Рэм - Микита Франко
Он врёт. Господи, он всё врёт.
У Рэма щеки загорелись от стыда: он врёт, потому что знает правду. Откуда он, сволочь, всегда всё знает?
Он начал интенсивней работать по дереву, пытаясь скрыть за усердием смущение и страх. Елисей, глядя на это, засмеялся: — Макарик, ну ты чего? Я же просто шучу. Ну правда, чего не заходишь? Раньше чуть ли не с нами жил.
— Потому что я занят! — резко сказал Рэм, едва не выкрикнув это. — У меня дела. Гитара. И… Просто дела.
Он понимал, что повторяет одно и то же, как попугай, но уже не мог остановиться. Елисей наблюдал за ним с прищуром, смакуя его смущение. Потом он сделал шаг назад, будто собираясь уйти, но тут же остановился, бросив напоследок: — Если передумаешь — заходи. Папа будет рад тебя увидеть.
Рэм, выждав с минуту, чтобы Елисей точно скрылся, в порыве злости взял ненужный брусок дерева и, разворачиваясь, от плеча швырнул его в темноту, в сторону двери. Крикнул при этом: — Пошел на хуй!
Представлял, конечно, как сделал бы это вслед Елисею, и не после того, как тот свалил, а раньше, но из темноты раздался болезненный вскрик, а потом жалостливый вопрос: — За что?!
Макар не сразу по голосу понял, кто это (слава богу, не отец), а когда из темноты выплыл Вадим, выбесился ещё больше.
— Ты-то тут чё забыл!
— Зашел посмотреть! — оправдался он, потирая плечо. — Жесть, почти в голову…
— На что посмотреть?! — почему-то заорал на него Рэм, хотя Артамонов этого ничем не заслужил. Ну, если объективно.
— Даша сказала, ты делаешь гитару, — спокойно ответил он. — Покажи?
Рэм всплеснул руками, выкрикнул:
— Смотри! — и сам сбежал из подвала вверх по лестнице.
Уже там, щурясь от яркого света, думал: вот каким нужно быть, чтобы нравиться Синцову. Он не мог сформулировать свои ощущения от Артамонова в четкое и понятное определение (спокойным? не то; гордым? тоже не подходит), но чувствовал, насколько Вадим больше и выше Рэма, и это не про рост и вес.

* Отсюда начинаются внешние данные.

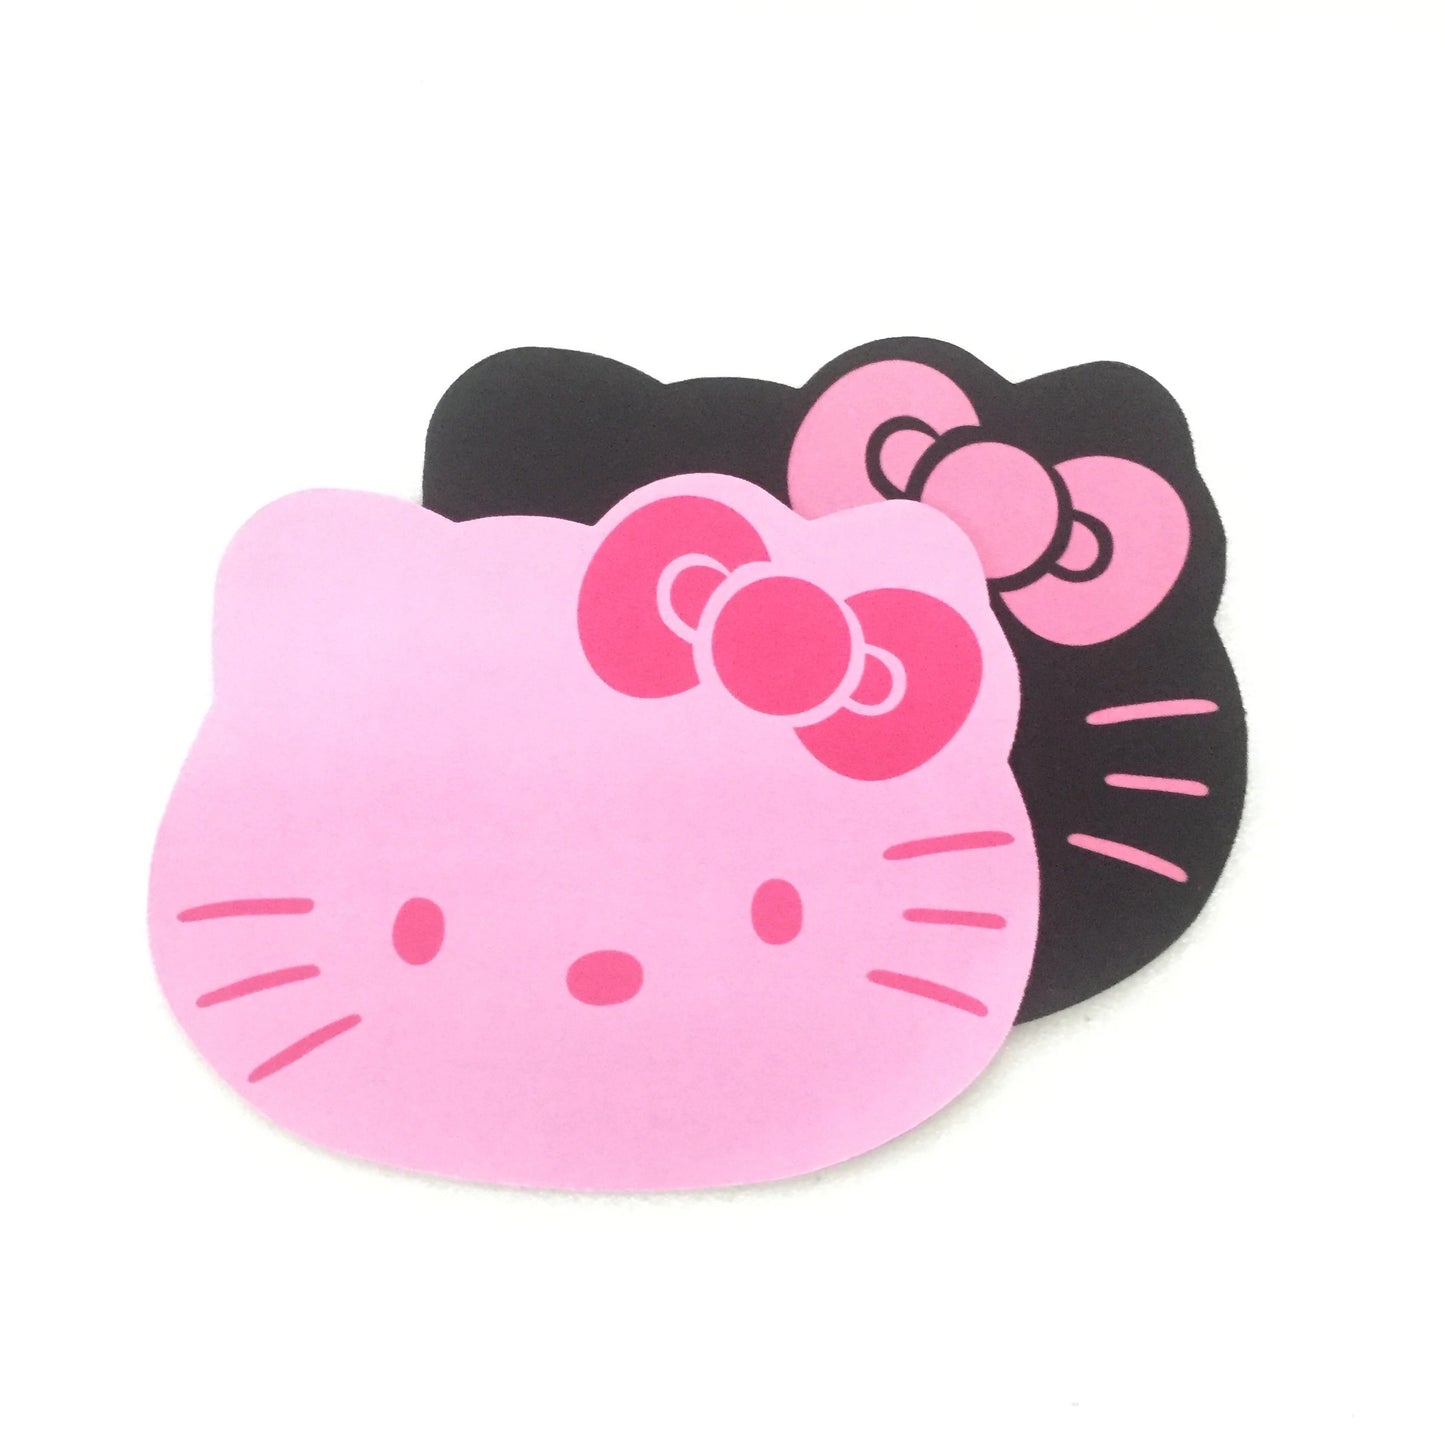 KT Mouse Pad Cute 2 Pack, Small Waterproof PVC Mousepad, Non-Slip Rubber Base Personalized Computer Mouse Mat for Office Home

Про что-то другое.
А когда, успокоившись, вернулся в подвал, Вадим его похвалил. Как ребёнка. Сказал:
— Молодец. Красиво.
Потом посмотрел внимательней, чуть сведя брови, и зачем-то уточнил:
— Ты в порядке?
— А что? — сразу вскинулся Рэм.
— Он мне рассказал, — просто ответил Вадим, не называя ни имен, ни событий, но всё стало понятно настолько, что Макара затошнило.

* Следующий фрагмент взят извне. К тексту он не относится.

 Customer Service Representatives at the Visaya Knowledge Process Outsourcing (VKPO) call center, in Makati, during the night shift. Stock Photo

Что теперь? Будет бить? Он уже был готов сделать шаг назад, чтобы сбежать снова, как вдруг Вадим вдруг подошел ближе, приобнял одной рукой за плечо, будто в утешительном жесте, похлопал по спине, отстранился, кивнул и… ушёл. Просто ушёл.
А Рэм, глядя ему вслед, понял две вещи.
Первая: вот оно — то, что больше и выше Макара. Это было оно.
И второе: ему никогда не быть с Синцовым. Никогда.
Глава 18
На улице уже давно стемнело, только вереница неисправных фонарей в переулке между домами, мерцали по очереди, создавали узоры на потрескавшемся асфальте. В кармане болталась чужая (Илюхина, кажется) кассета «Кино», но слушать ее сейчас не хотелось. Рэм направил руль в сторону набережной, промчался мимо киоска с пивом, ларькой со сладкой ватой, и стеной, обклеенной выцветшими плакатами давно прошедших концертов. Воздух пах бензином и морем.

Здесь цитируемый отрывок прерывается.